**EXERCISE PROMPT**.
Below is a listing with pictures in it. Copy it exactly without them.

**RECORDED INFORMATION**.

──────────

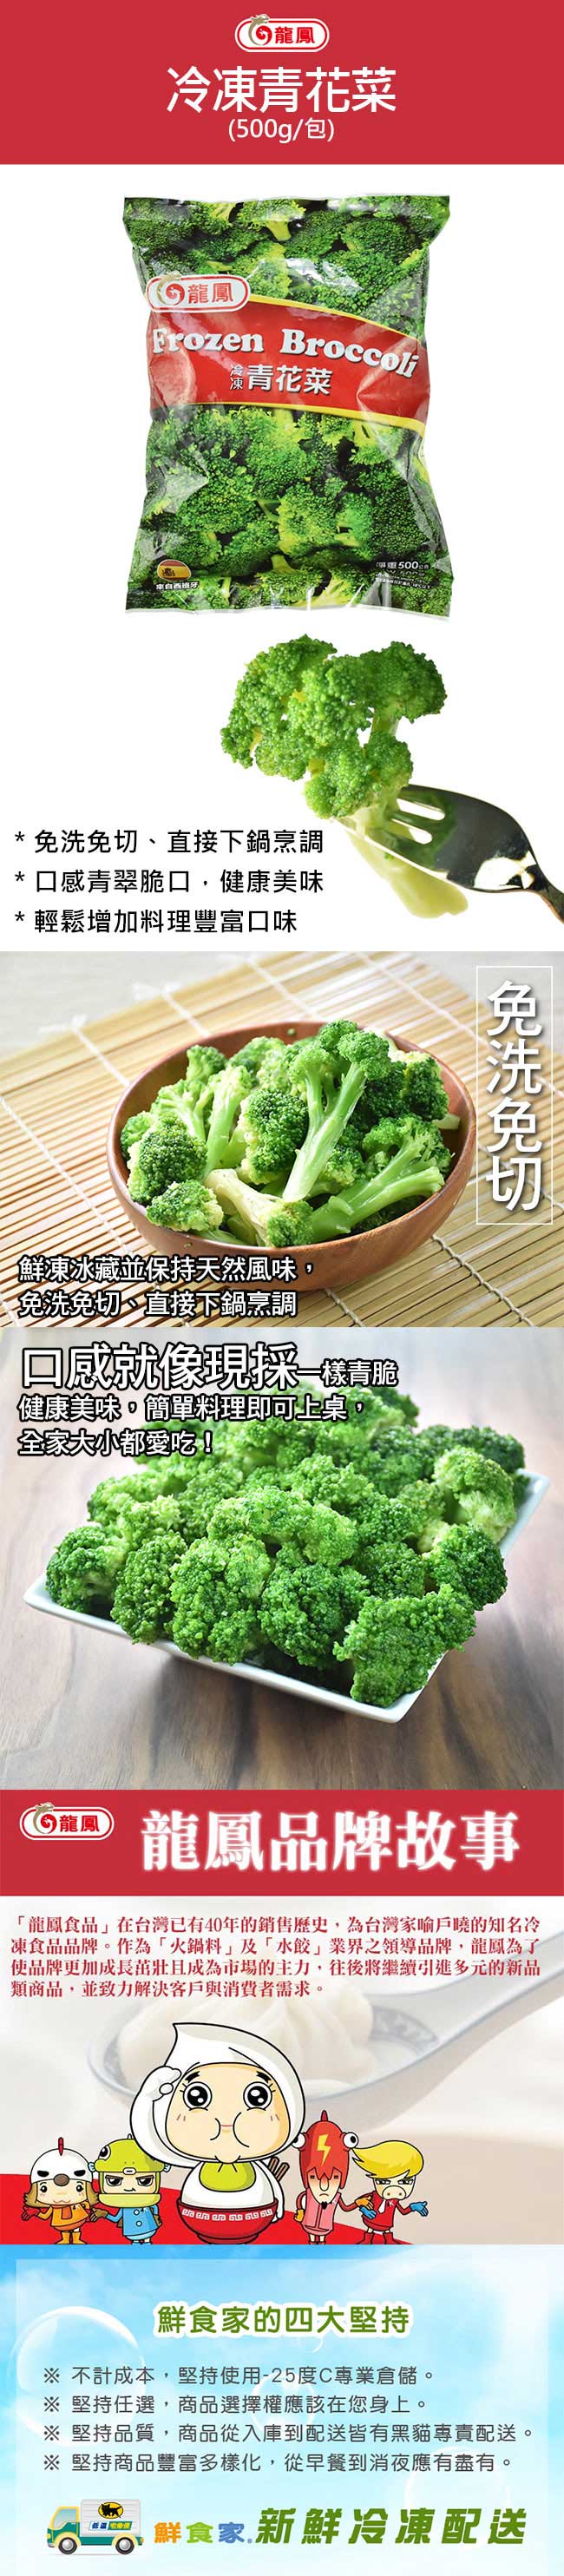 鮮食家 任選799 龍鳳fc 冷凍青花菜 500g 包 Momo購物網 雙11優惠推薦 22年11月
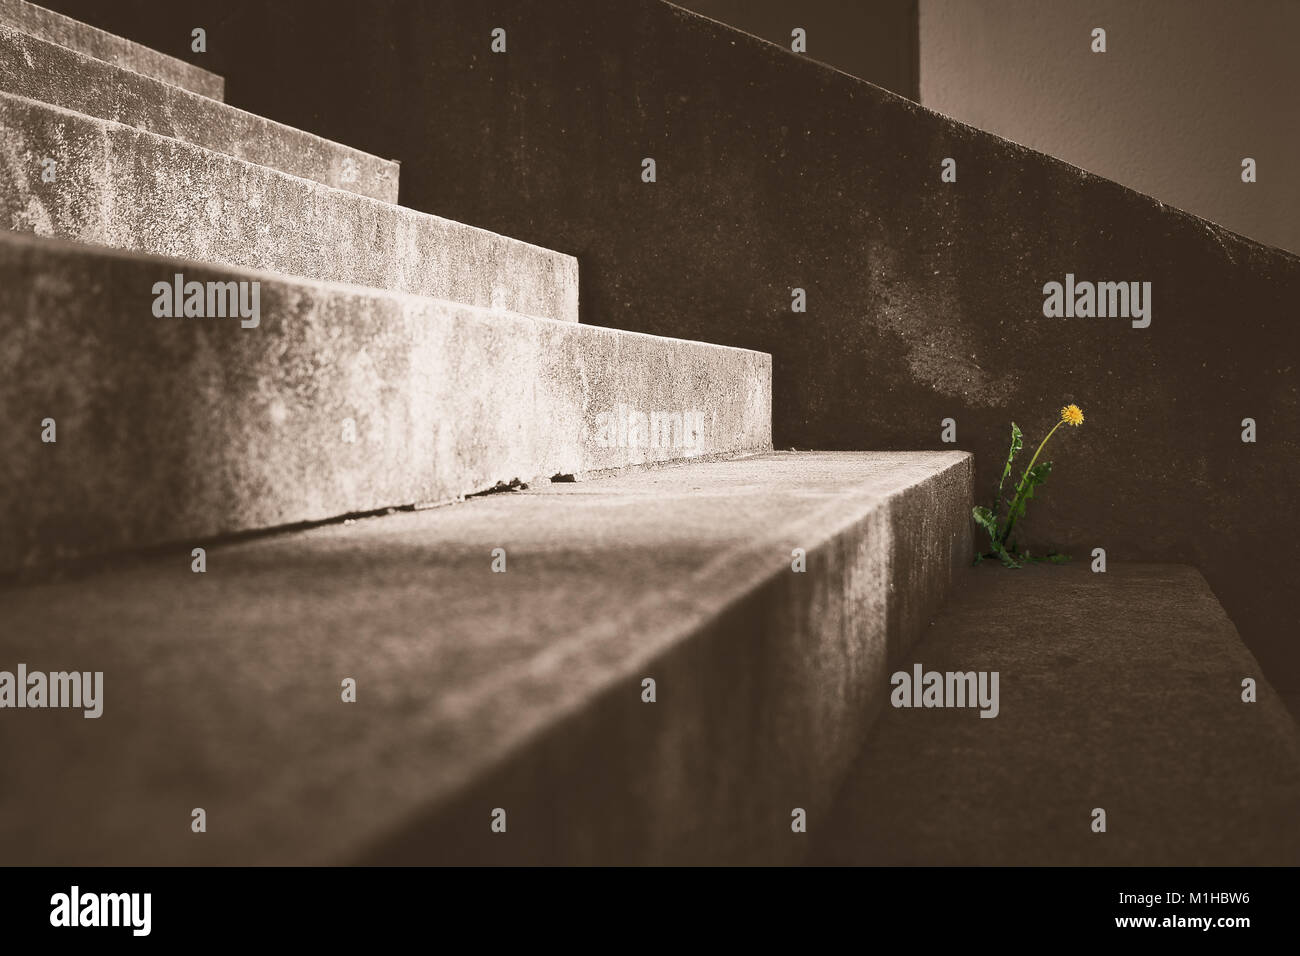 L'image artificielle d'un pissenlit solitaire sur l'escalier en béton. La fleur est isolé dans l'image. Banque D'Images
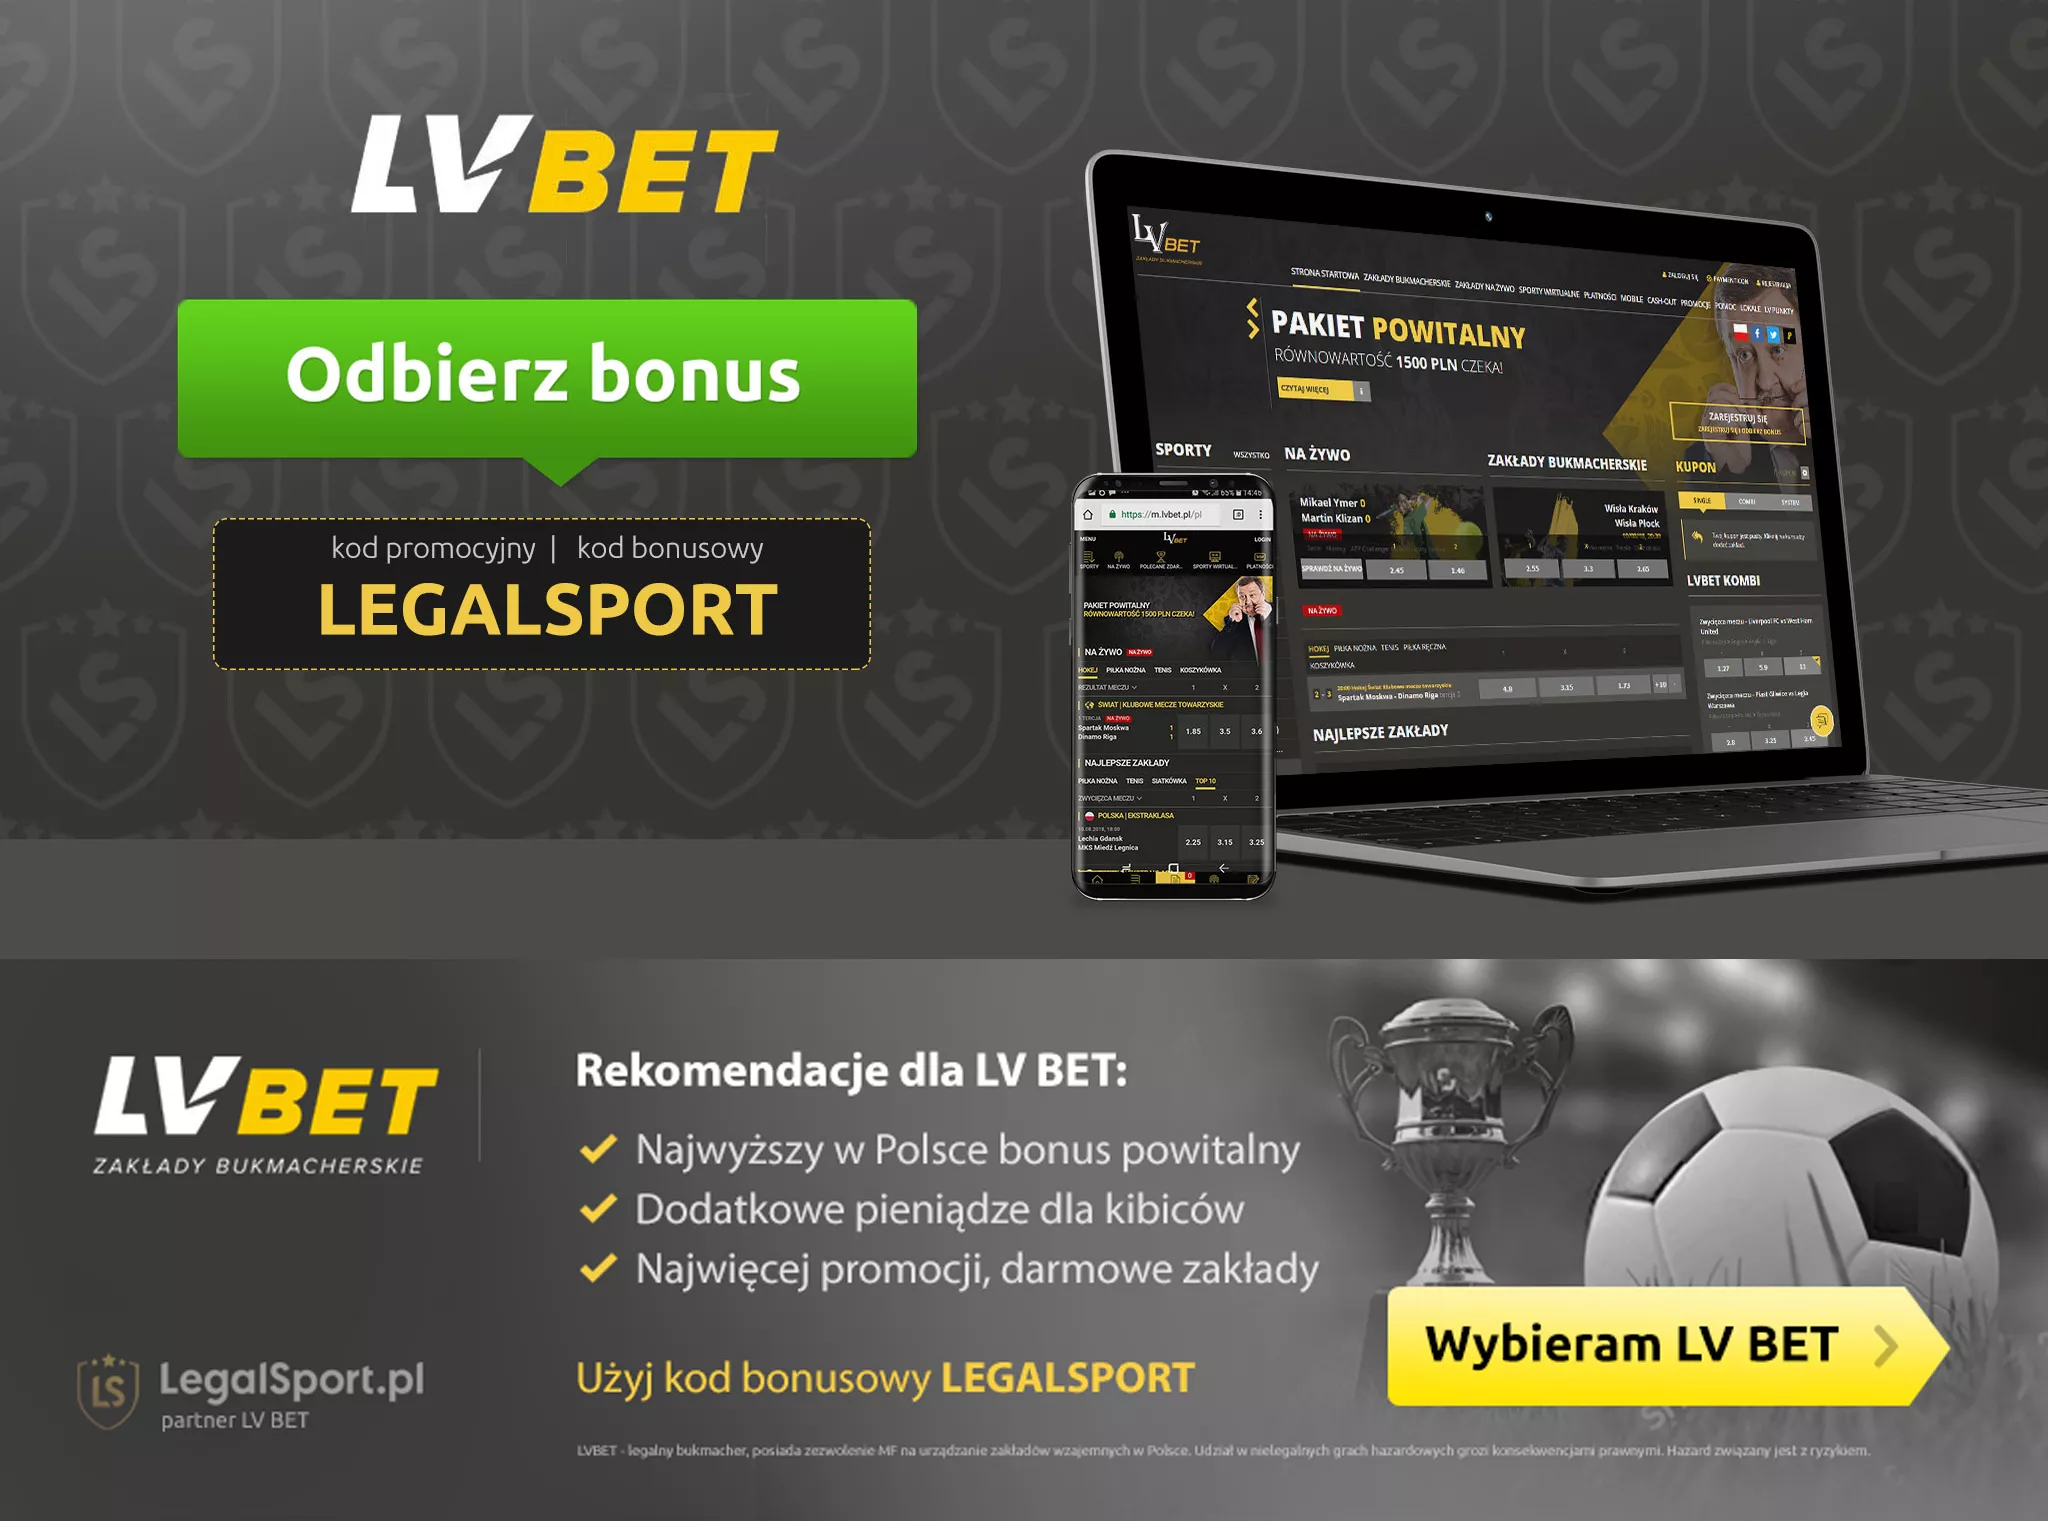 Bonus LVBET jest legalny w Polsce

──────────

**ANSWER TO THE PROBLEM**.
 鮮食家 任選799 龍鳳fc 冷凍青花菜 500g 包 Momo購物網 雙11優惠推薦 22年11月
 L'image artificielle d'un pissenlit solitaire sur l'escalier en béton. La fleur est isolé dans l'image. Banque D'Images
 Bonus LVBET jest legalny w Polsce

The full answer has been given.